ORPHA: 154; DO: 0110434;
Location | Phenotype |
Phenotype MIM number |
Inheritance |
Phenotype mapping key |
Gene/Locus |
Gene/Locus MIM number |
---|---|---|---|---|---|---|
3p21.1 | Cardiomyopathy, dilated, 1Z | 611879 | Autosomal dominant | 3 | TNNC1 | 191040 |
A number sign (#) is used with this entry because of evidence that dilated cardiomyopathy-1Z (CMD1Z) is caused by heterozygous mutation in the TNNC1 gene (191040), which encodes slow troponin-C, on chromosome 3p21.
Dilated cardiomyopathy-1Z (CMD1Z) is characterized by severe reduction in cardiac function, with onset in infancy or early childhood in some patients but diagnosis as late as the fifth decade in others. Patients exhibit biventricular systolic dysfunction, with severely reduced left ventricular ejection fractions. Most affected individuals require transplantation for survival (Mogensen et al., 2004; Kaski et al., 2007; Pinto et al., 2011).

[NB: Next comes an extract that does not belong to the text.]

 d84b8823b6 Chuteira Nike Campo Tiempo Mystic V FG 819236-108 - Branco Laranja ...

For a general phenotypic description and a discussion of genetic heterogeneity of dilated cardiomyopathy, see CMD1A (115200).

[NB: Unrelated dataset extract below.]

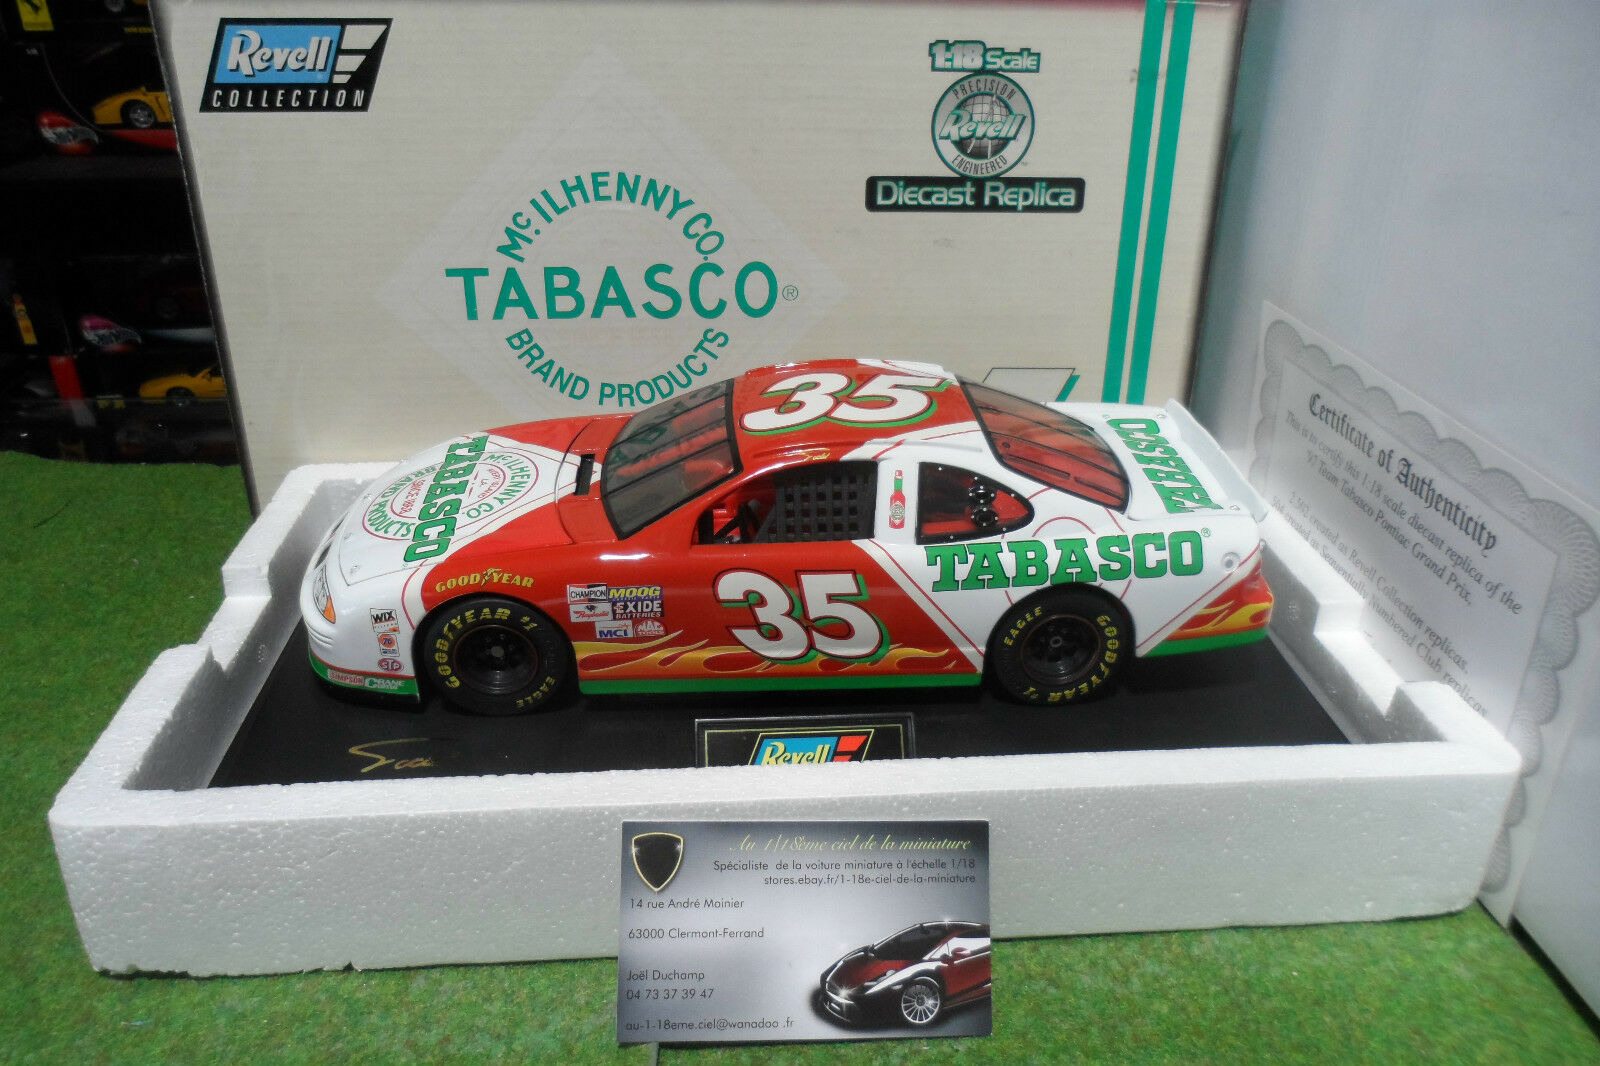 PONTIAC GRAND PRIX  35 NASCAR 1997 TEAM TABASCO RACING 1 18 REVELL 4233 voiture

Mogensen et al. (2004) studied a 3-generation family (family A) with severe dilated cardiomyopathy in which the proband had sudden onset of heart failure at 21 years of age and underwent cardiac transplantation 2 months later. His mother died at 45 years of age awaiting cardiac transplantation, his maternal grandfather died of heart failure at 62 years of age after 8 months of medical treatment, and a maternal aunt had unexplained sudden death at 21 years of age. A maternal uncle and cousin received cardiac transplants at age 52 and 22 years, respectively; the uncle, who had normal cardiac function at the time of his son's transplant, developed heart failure 2 years later and required transplantation within 2 months of symptom onset. The proband also had a sister diagnosed with CMD at 17 years of age who was being treated with angiotensin-converting enzyme (ACE; 106180) inhibitors, and another sister who at age 36 years had left ventricular enlargement on echocardiography and ECG abnormalities. Histologic examination of specimens from an autopsy and an explanted heart showed nonspecific abnormalities including myocyte hypertrophy, increased interstitial fibrosis, and endocardial thickening with smooth muscle cells characteristic of CMD; there was no significant myocyte disarray characteristic of hypertrophic cardiomyopathy or features suggesting storage disease.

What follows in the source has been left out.